MB Securities Company (MBS) forecasts that credit growth for the whole year could reach 17-18%, thanks to three main drivers: accelerated public investment disbursement; Resolution 68-NQ/TW increasing the role of the private sector and effectively removing legal bottlenecks in real estate; and the direction of removing the "credit room" being considered.
Sharing with the press, Associate Professor Dr. Nguyen Huu Huan (Ho Chi Minh City University of Economics) said that the positive credit growth momentum in the first half of the year not only exceeded the same period but also created room to reach the target of 16% for the whole year, which is the level set by the State Bank of Vietnam (SBV). Along with that, the demand for loans often increases sharply in the last months of the year to serve production and business activities, especially in the consumer and retail sectors.
Meanwhile, Mr. Pham Chi Quang, Director of the Monetary Policy Department (SBV), said that in order for the economy to achieve the growth target of 8% this year and expect double-digit growth in the coming years, credit will be an important pillar.
With inflation still under control, room for credit expansion is entirely feasible. However, the State Bank of Vietnam still prioritizes maintaining macroeconomic stability, so the expansion of “room” will be carefully considered, ensuring a balance between the goals of controlling inflation and promoting growth.
Despite pressure from declining net interest margins (NIM) due to continuously falling lending rates, most banks still expect to meet their credit targets this year.

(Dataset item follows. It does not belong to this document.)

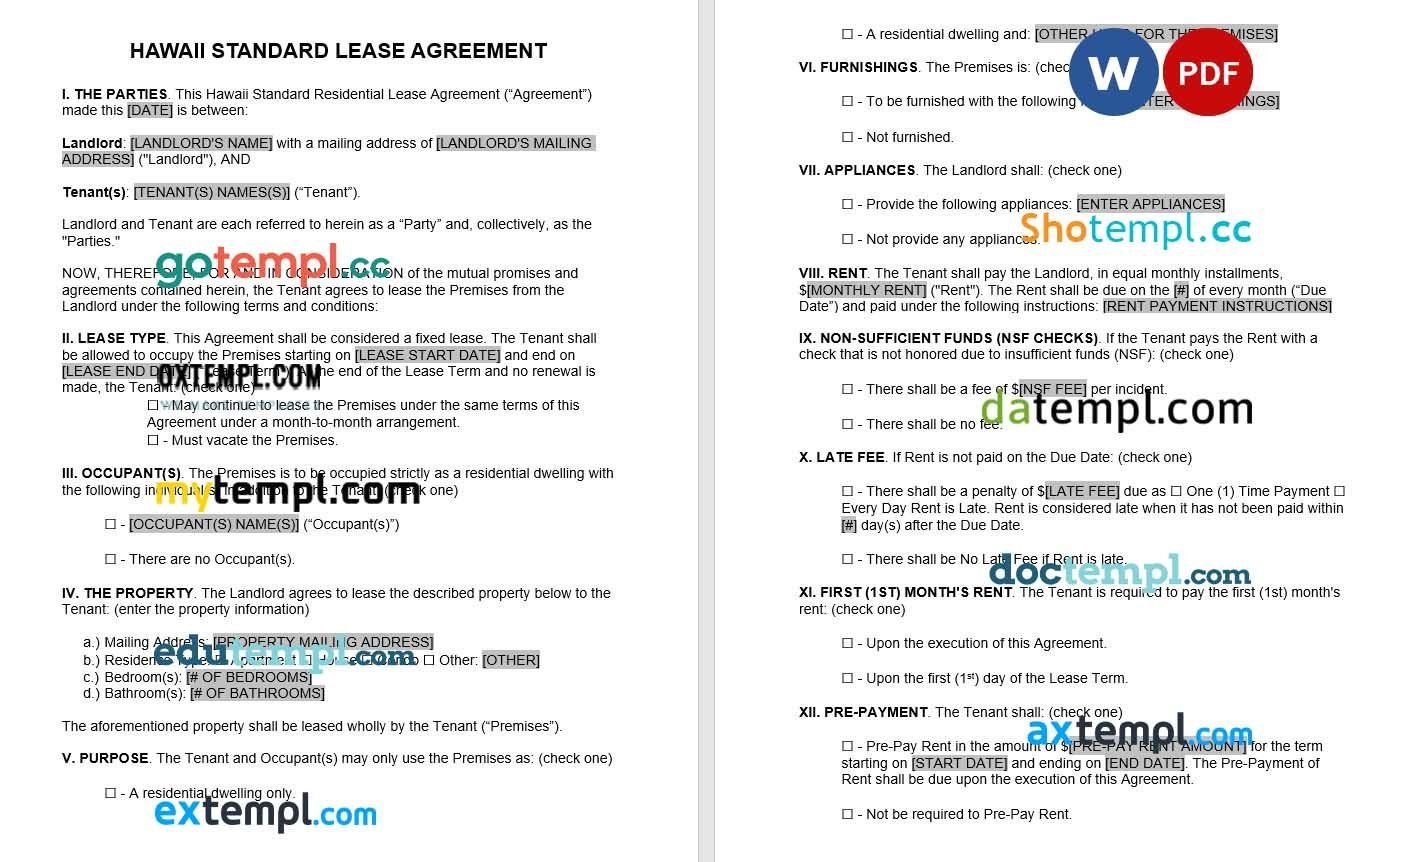 Hawaii Standard Lease Agreement Word example, fully editable

MBS commented that the asset yield of banks has entered a downward trend, while the cost of funds (COF) has not decreased accordingly, causing the NIM of the whole industry to narrow. However, this is considered a short-term trend and is likely to recover when the demand for consumer credit and home purchases rebounds in the second half of the year.

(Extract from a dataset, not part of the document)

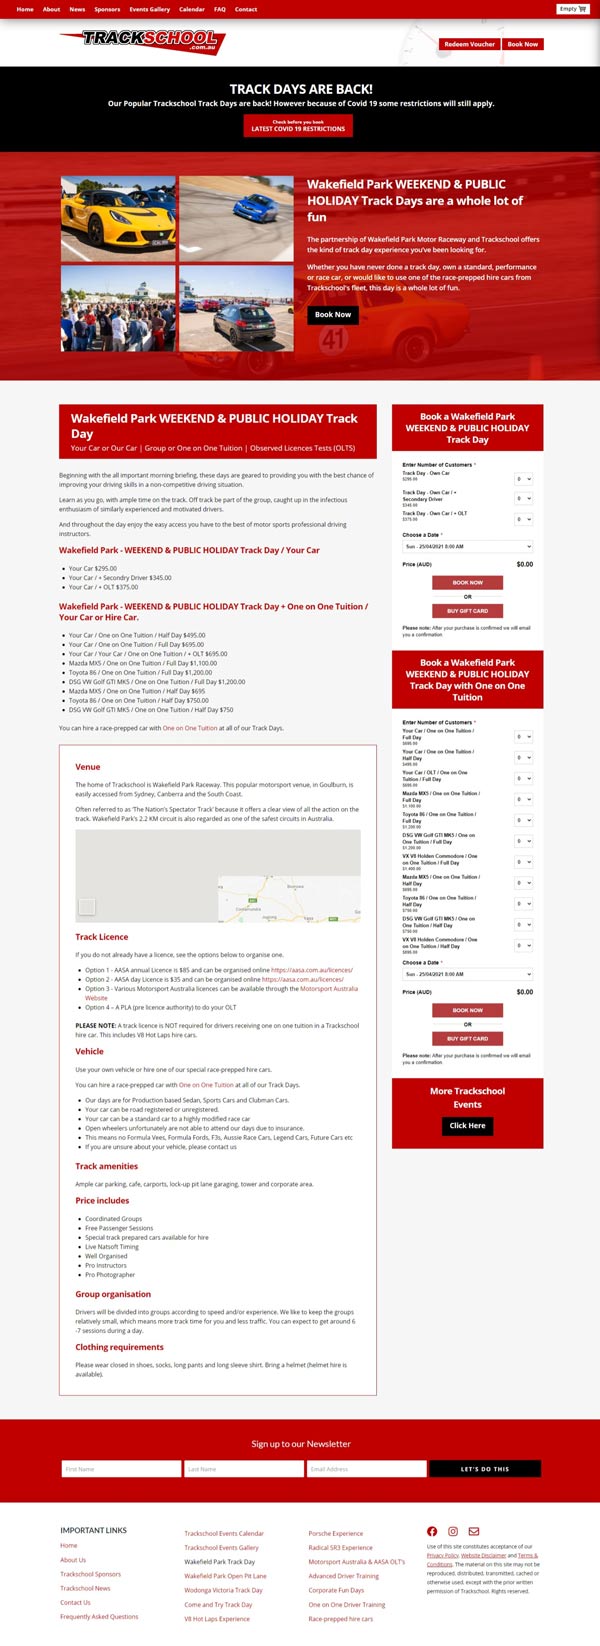 Trackschool website designed by Big Red Bus Websites - example 2

Governor of the State Bank of Vietnam Nguyen Thi Hong emphasized that monetary policy management needs to be flexible and synchronized with fiscal policy and other macroeconomic policies to ensure major balances, control inflation and promote sustainable growth.

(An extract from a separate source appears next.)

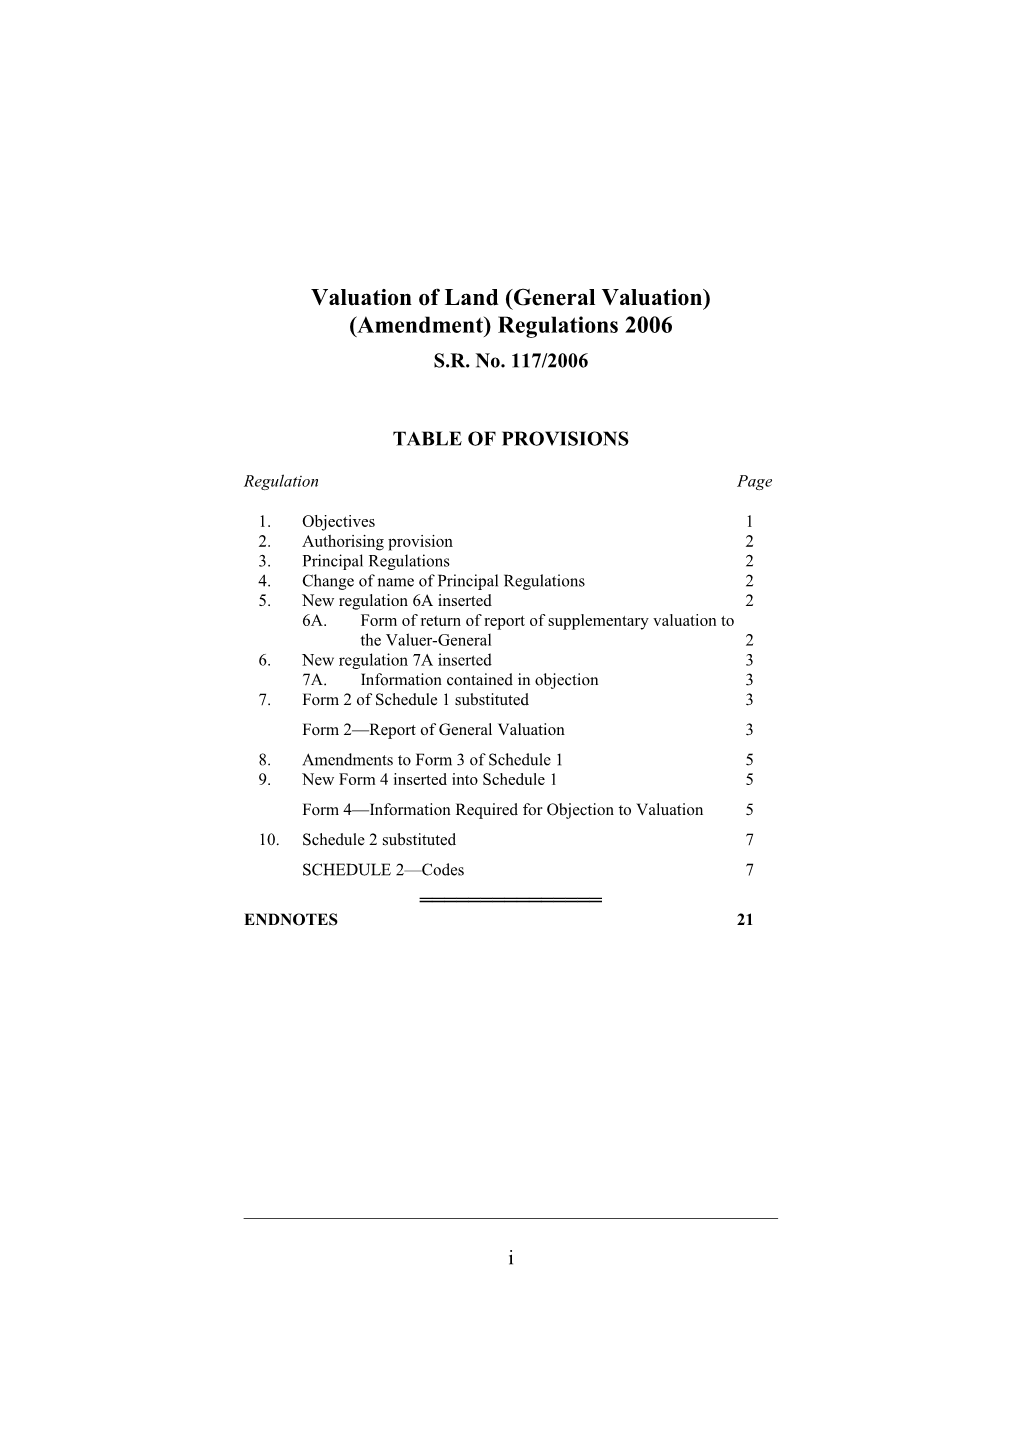 Valuation of Land (General Valuation) (Amendment) Regulations 2006

In June 2025, the average lending interest rate for new loans will be only about 6.3%/year, down 0.6 percentage points compared to the end of 2024. This is the result of synchronous management of many tools such as open market operations, operating interest rates and flexible exchange rate management according to market signals.
Although NIM declined in the first half of the year, MBS believes that this is only a temporary development. The strong recovery of personal credit, especially in the real estate and consumer sectors, will play an important role in improving bank profits from the third quarter onwards. At the same time, demand deposits (CASA) have also increased again thanks to corporate capital flows, helping to maintain low funding costs in the next 6-9 months.
MBS assesses that NIM in the rest of the year will not be lower than the first quarter of 2025, although it is unlikely to reach the level of 2024. Some banks with specific loan portfolios such as VPBank, MB or Techcombank that have been greatly affected - may only record a milder decline than the rest of the system.